In the same way, deep hypocapnia may show different results vs mild hypocapnia. Therefore, changes in slow waves during deep hypocapnia should be studied separately.

From the methodological point of view, the artifacts and in particular the “transient” patterns were defined heuristically by the investigators. However, the choice was kept consistent. For future studies, an agreement on the artifacts and transients definition should be achieved.

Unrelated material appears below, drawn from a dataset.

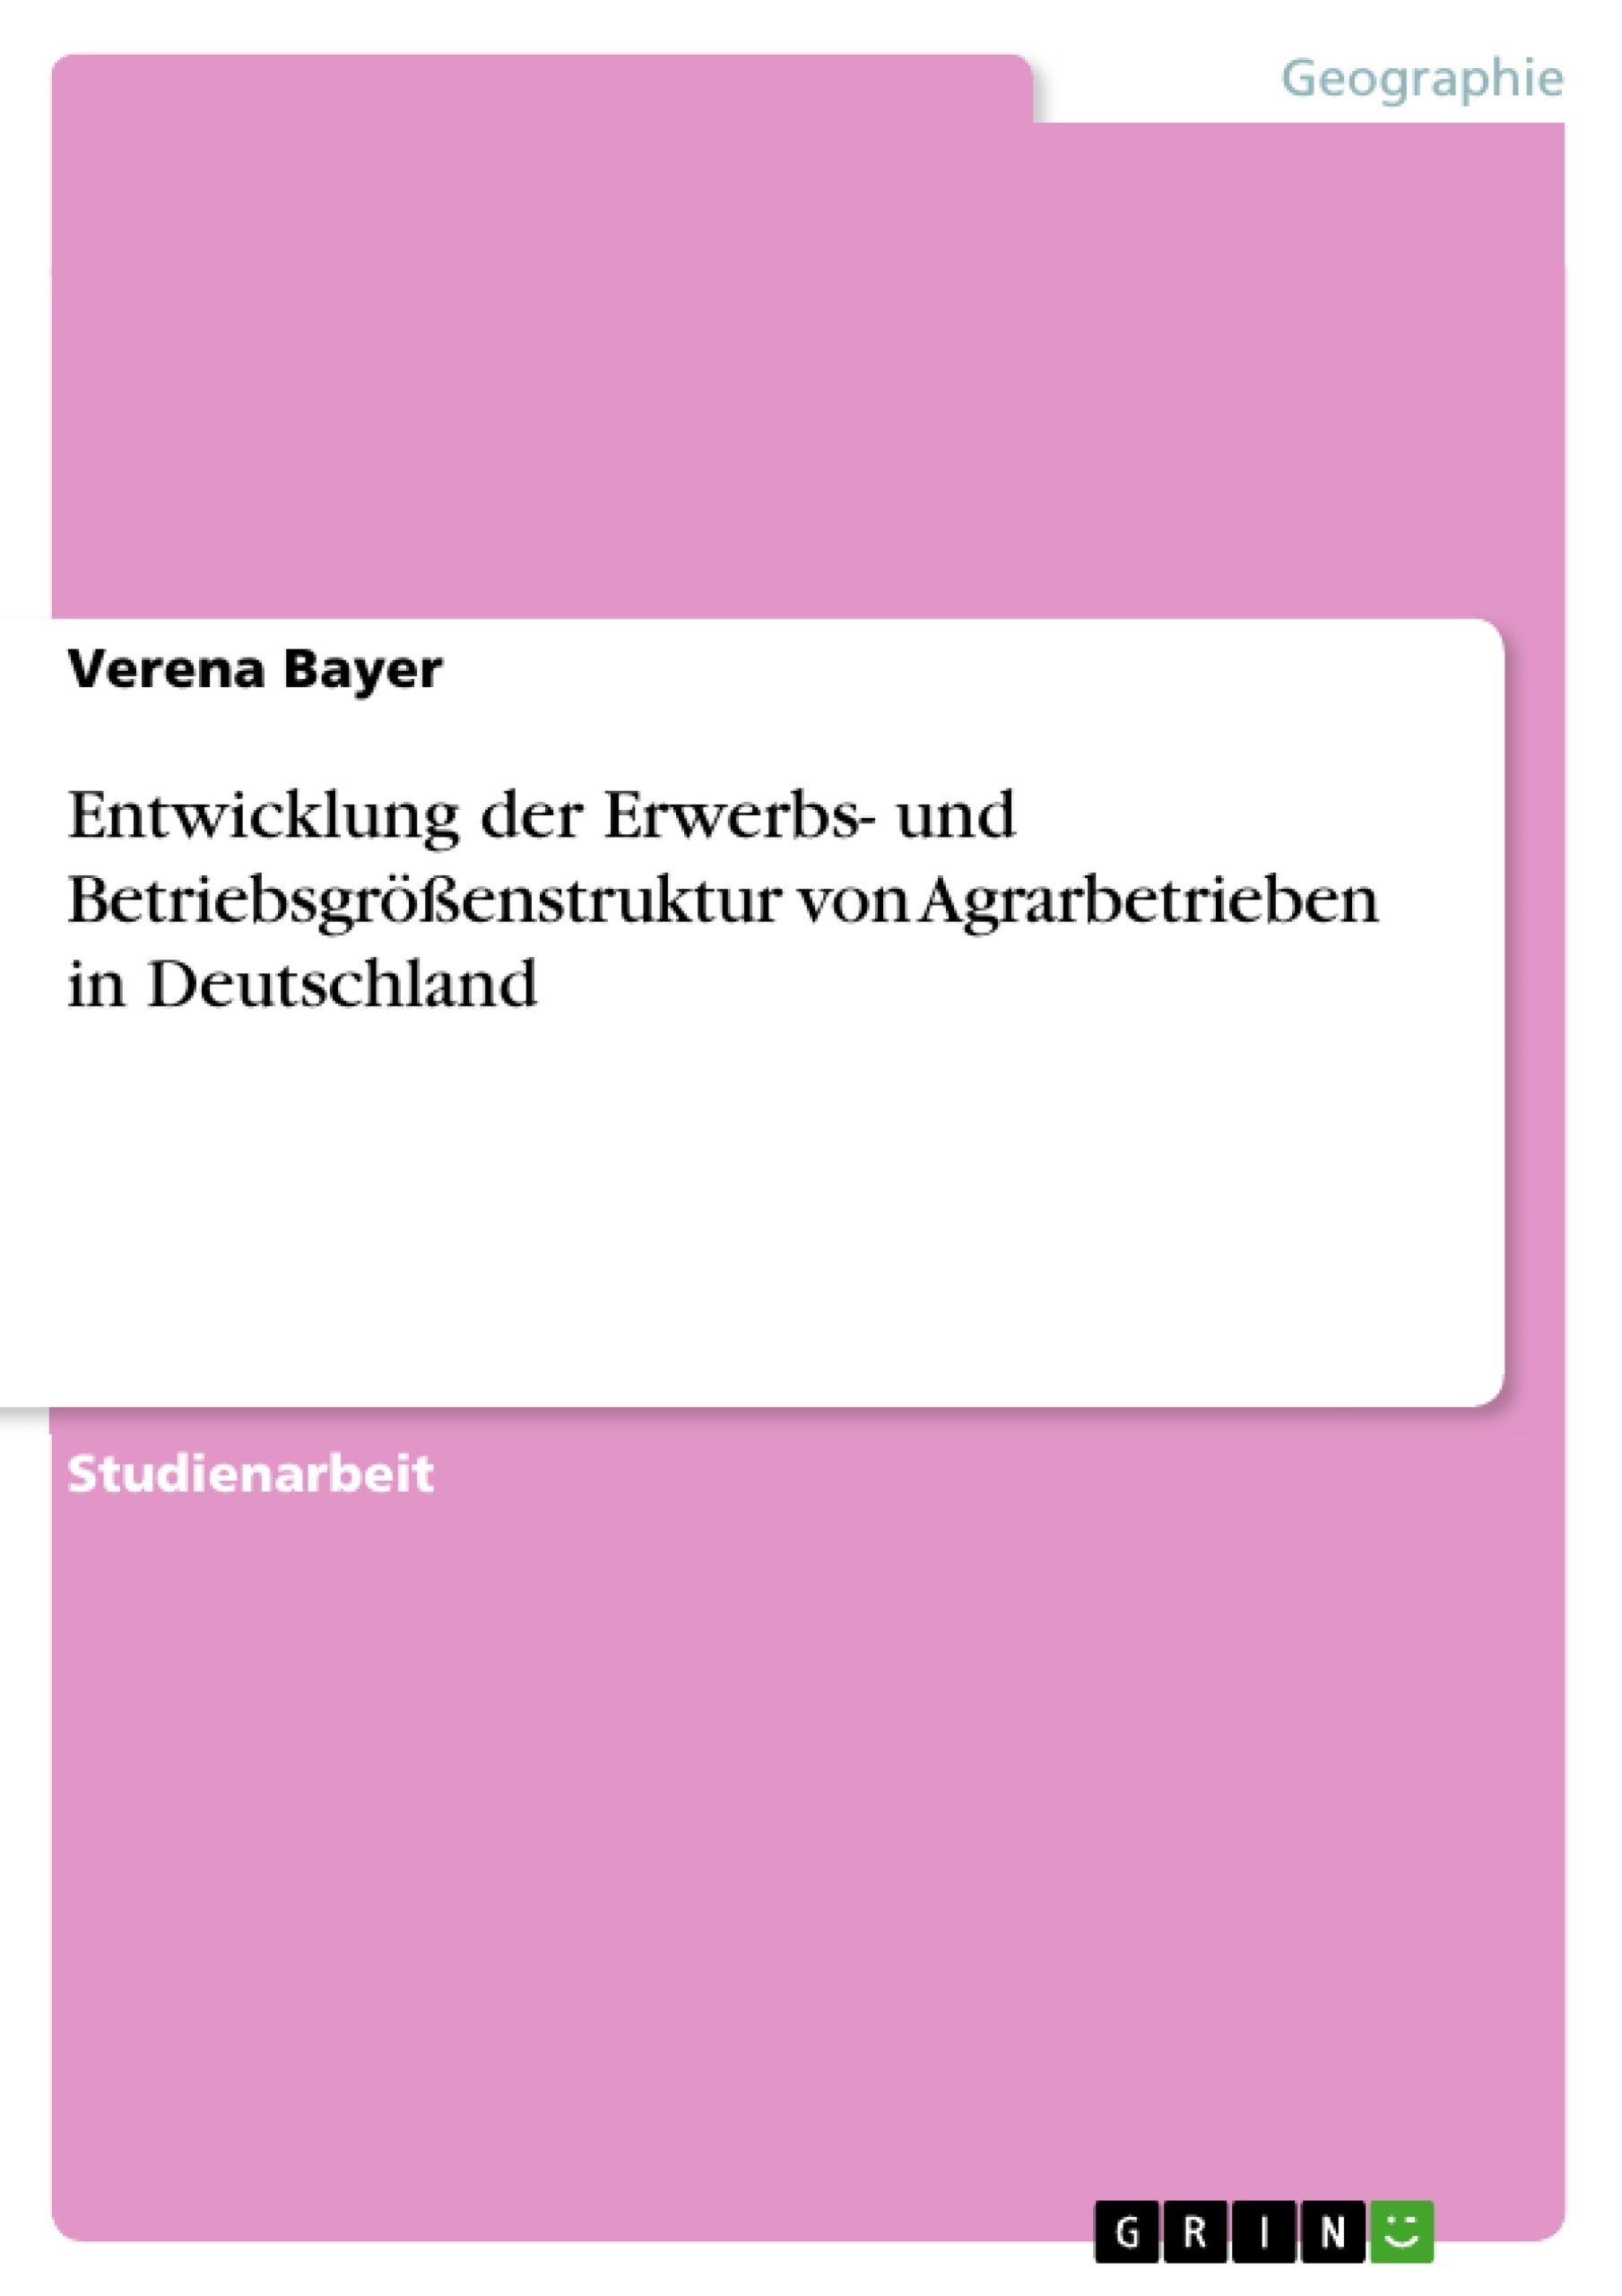 Título: Entwicklung der Erwerbs- und Betriebsgrößenstruktur von Agrarbetrieben in Deutschland
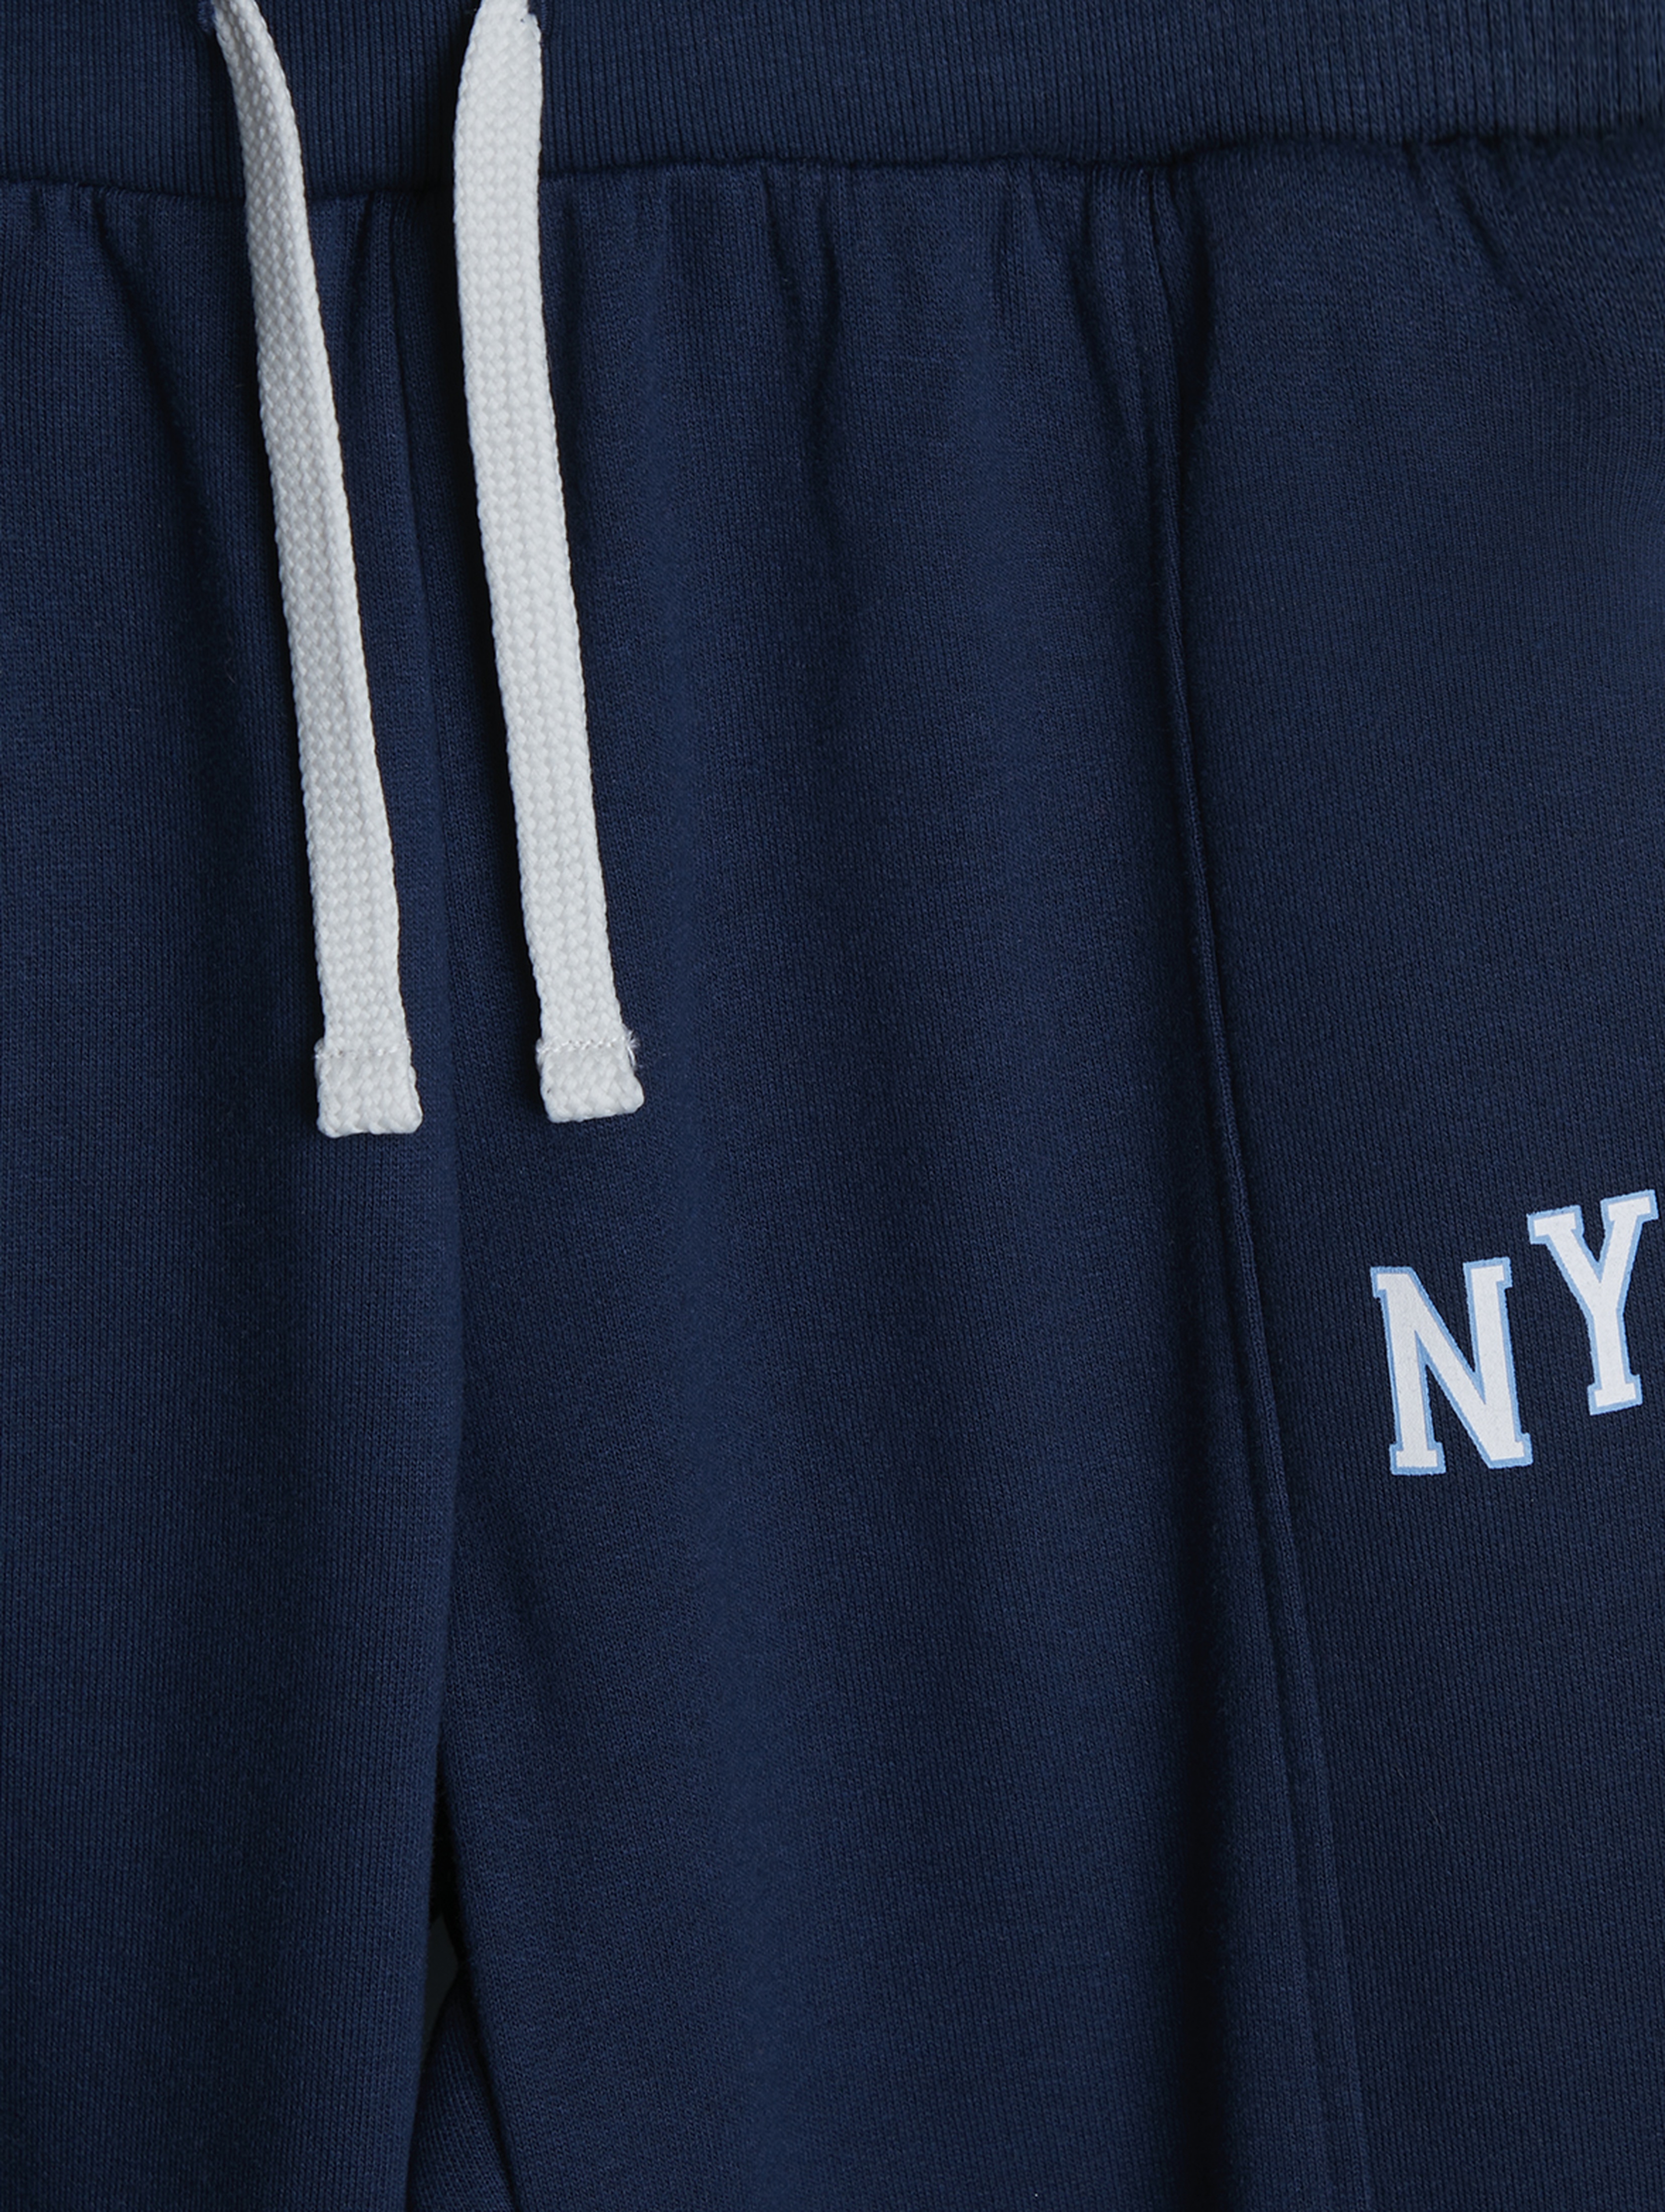 Granatowe spodnie dresowe NYC - Limited Edition

Moreover, even if the description of the pattern of the slow waves during the immediate post-hypocapnia period would have been desirable and informative, a clear post-hypocapnia period could not be identified in a reliable way and a comparison hypocapnia vs post-hypocapnia state was not possible.

Conclusions

We found that in severe TBI patients, a sudden mild to moderate hypocapnia induces a decrease in ICP and FV slow wave power. It also increases their higher frequency content and their morphological complexity (entropy). The difference in power of the ICP slow waves between the baseline and the hypocapnia period depends on the baseline compensatory reserve, as expressed by RAP index.